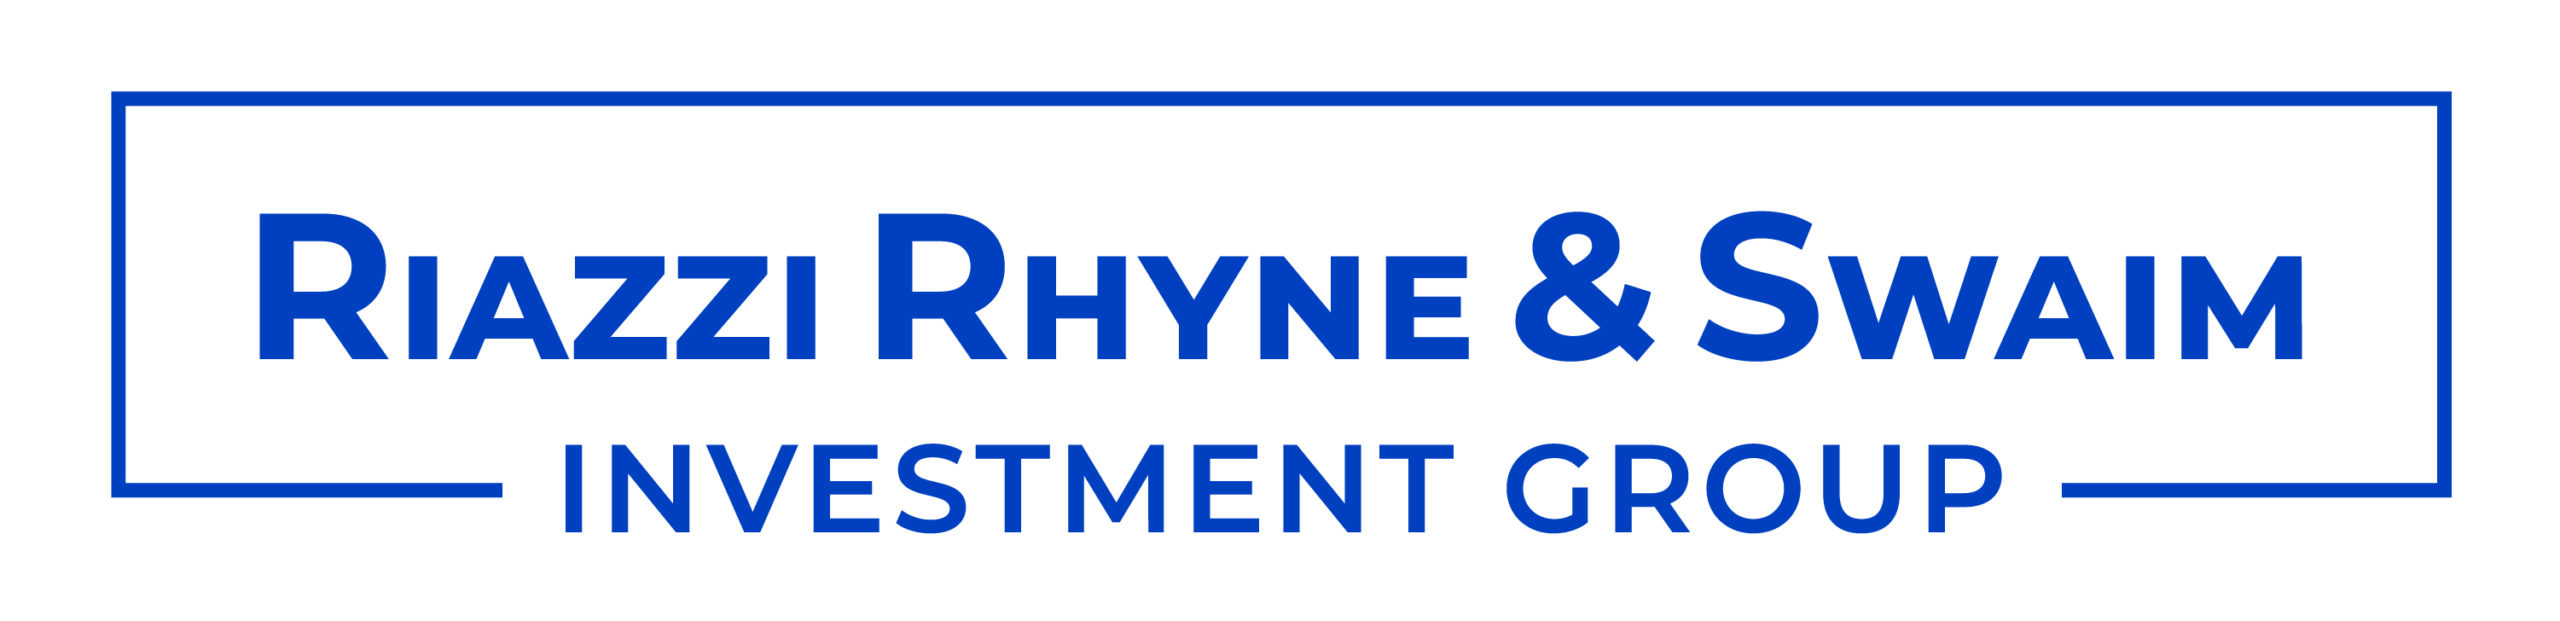 Riazzi Rhyne & Swaim logo
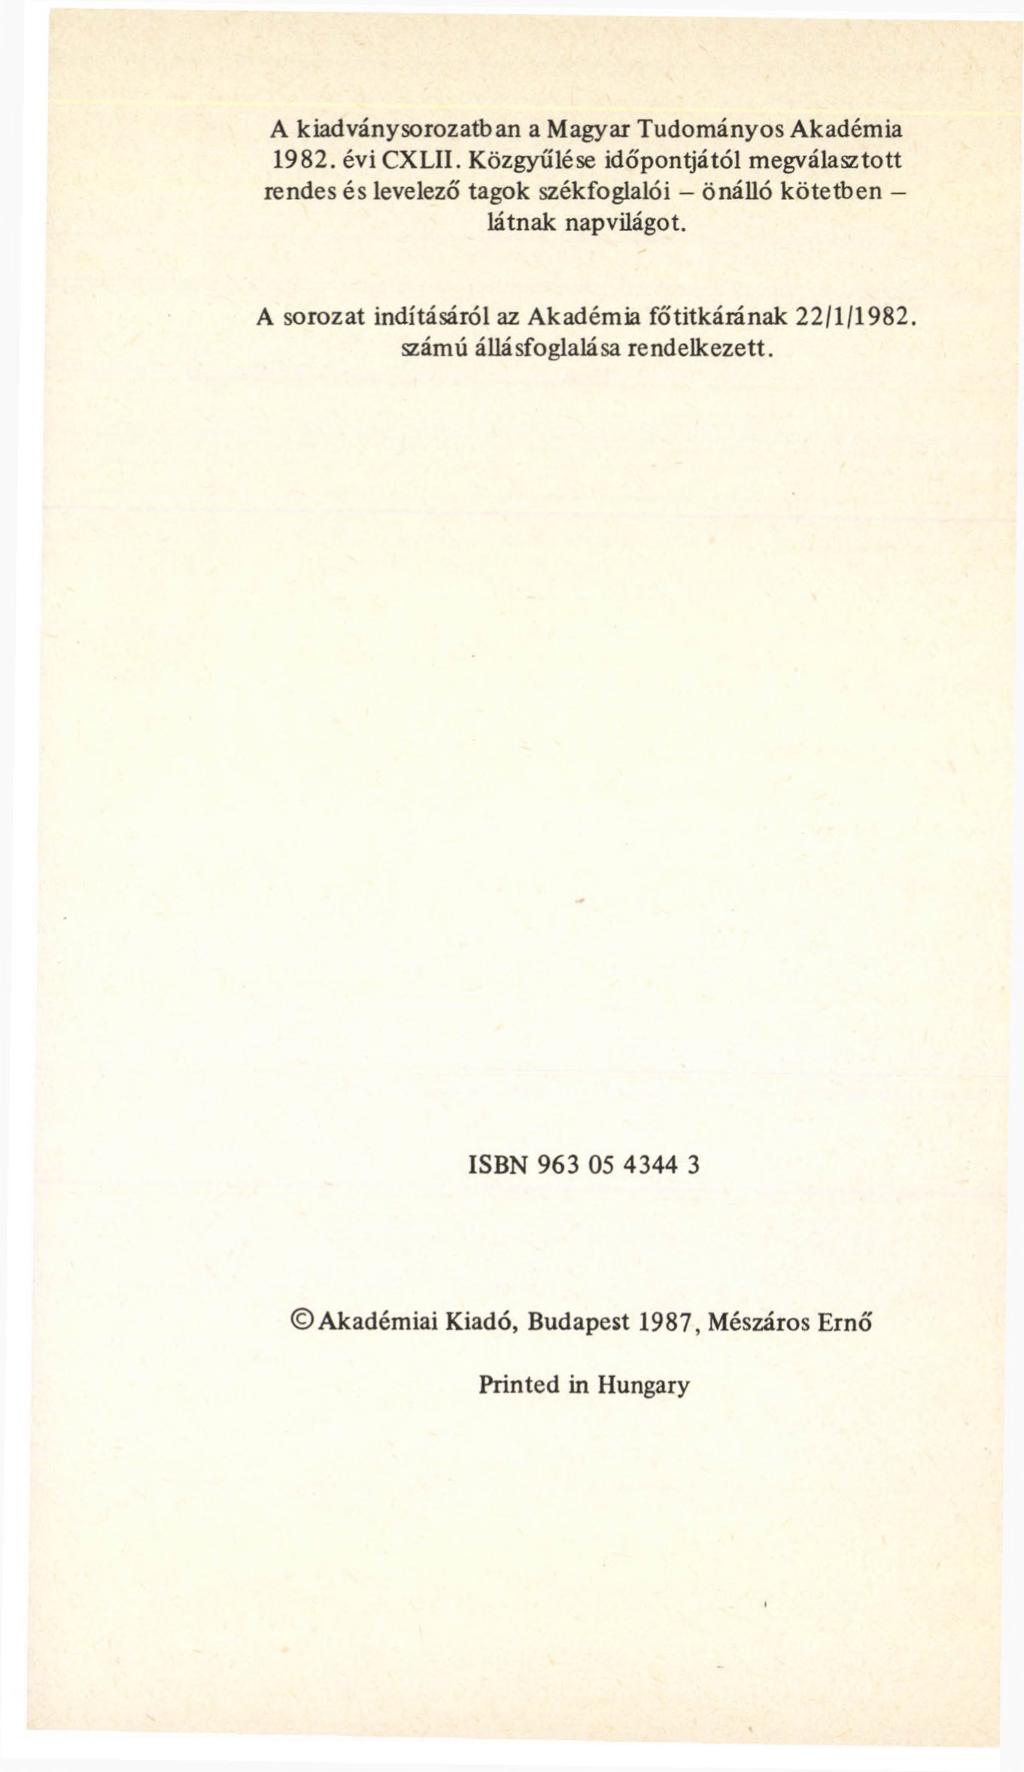 A kiadványsorozatban a Magyar Tudományos Akadémia 1982. évicxlii. Közgyűlése időpontjától megválasztott rendes és levelező tagok székfoglalói önálló kötetben látnak napvilágot.
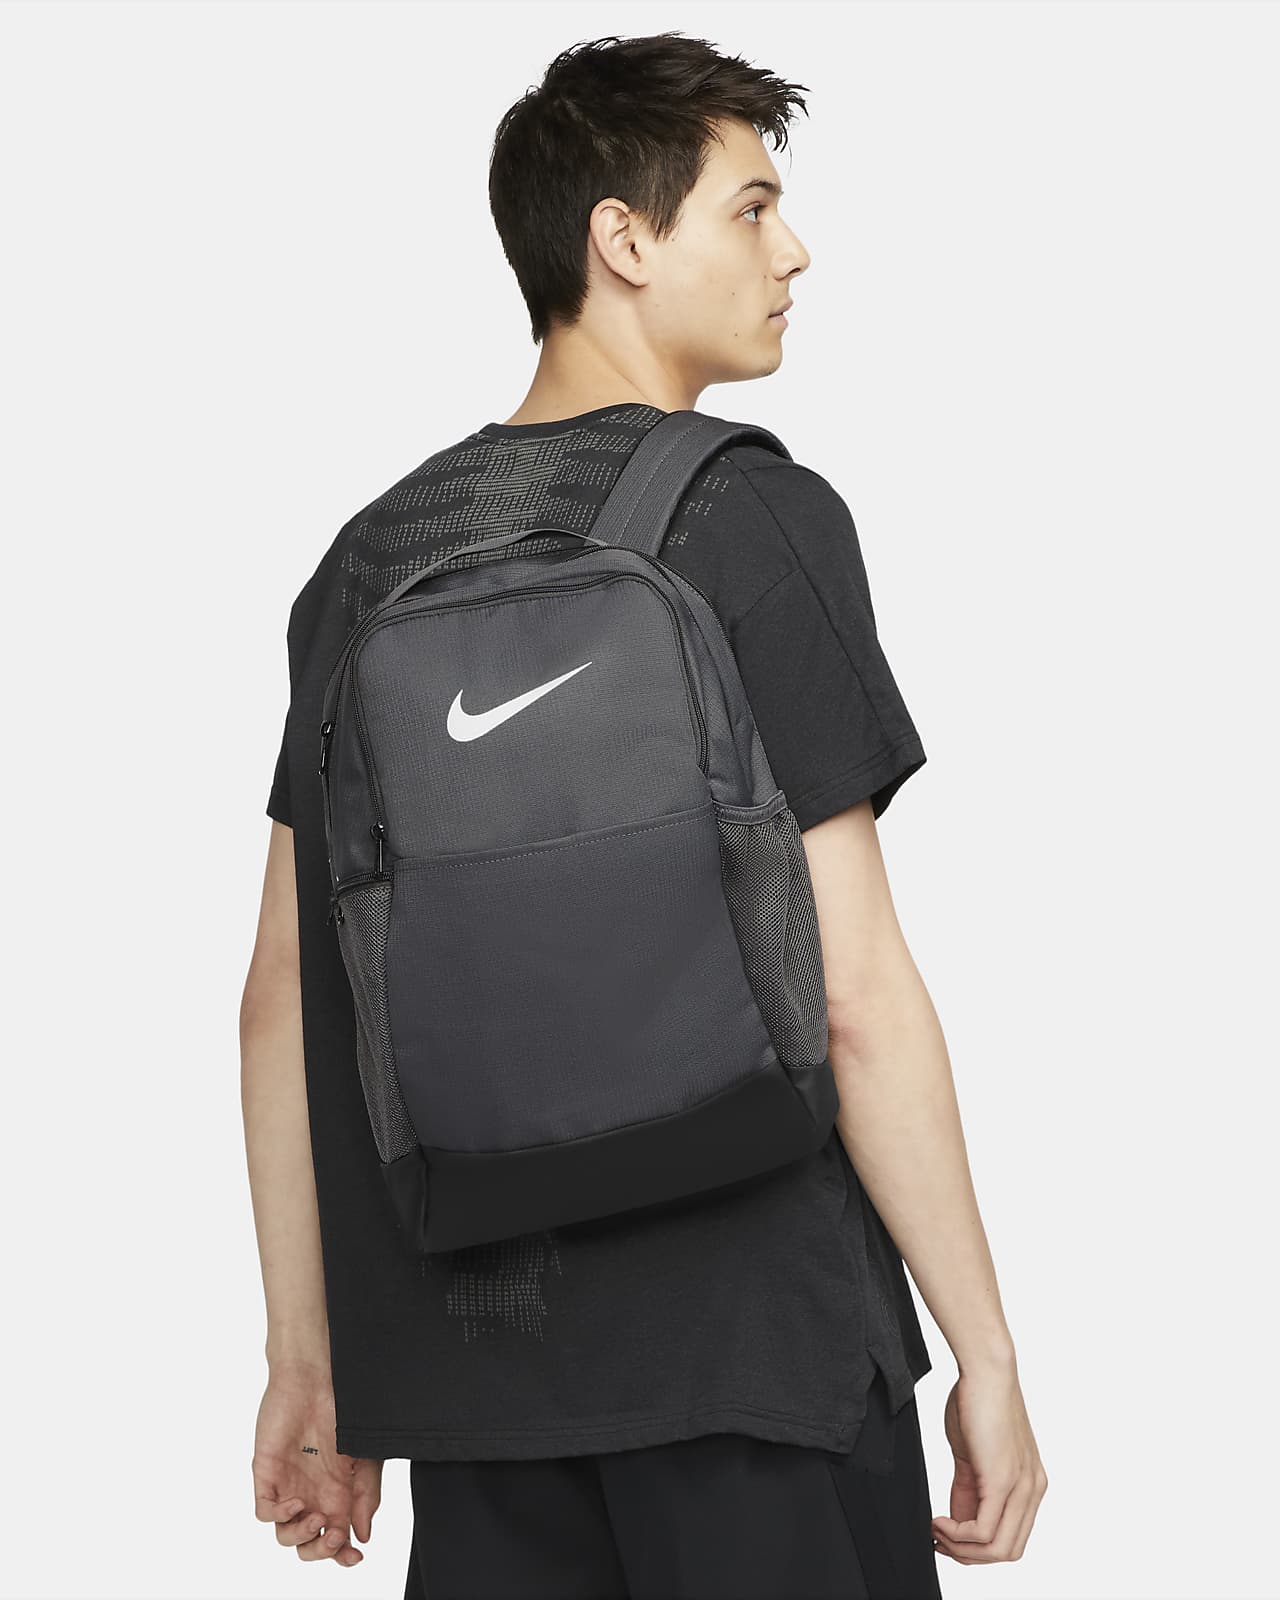 Nike Brasilia 9.5 Training Backpack

Activity:
When you retype the data above, match every line exactly and leave the pictures behind.

Exercise response:
 Riazzi Rhyne & Swaim logo
 A kiadványsorozatban a Magyar Tudományos Akadémia 1982. évicxlii. Közgyűlése időpontjától megválasztott rendes és levelező tagok székfoglalói önálló kötetben látnak napvilágot.
 Nike Brasilia 9.5 Training Backpack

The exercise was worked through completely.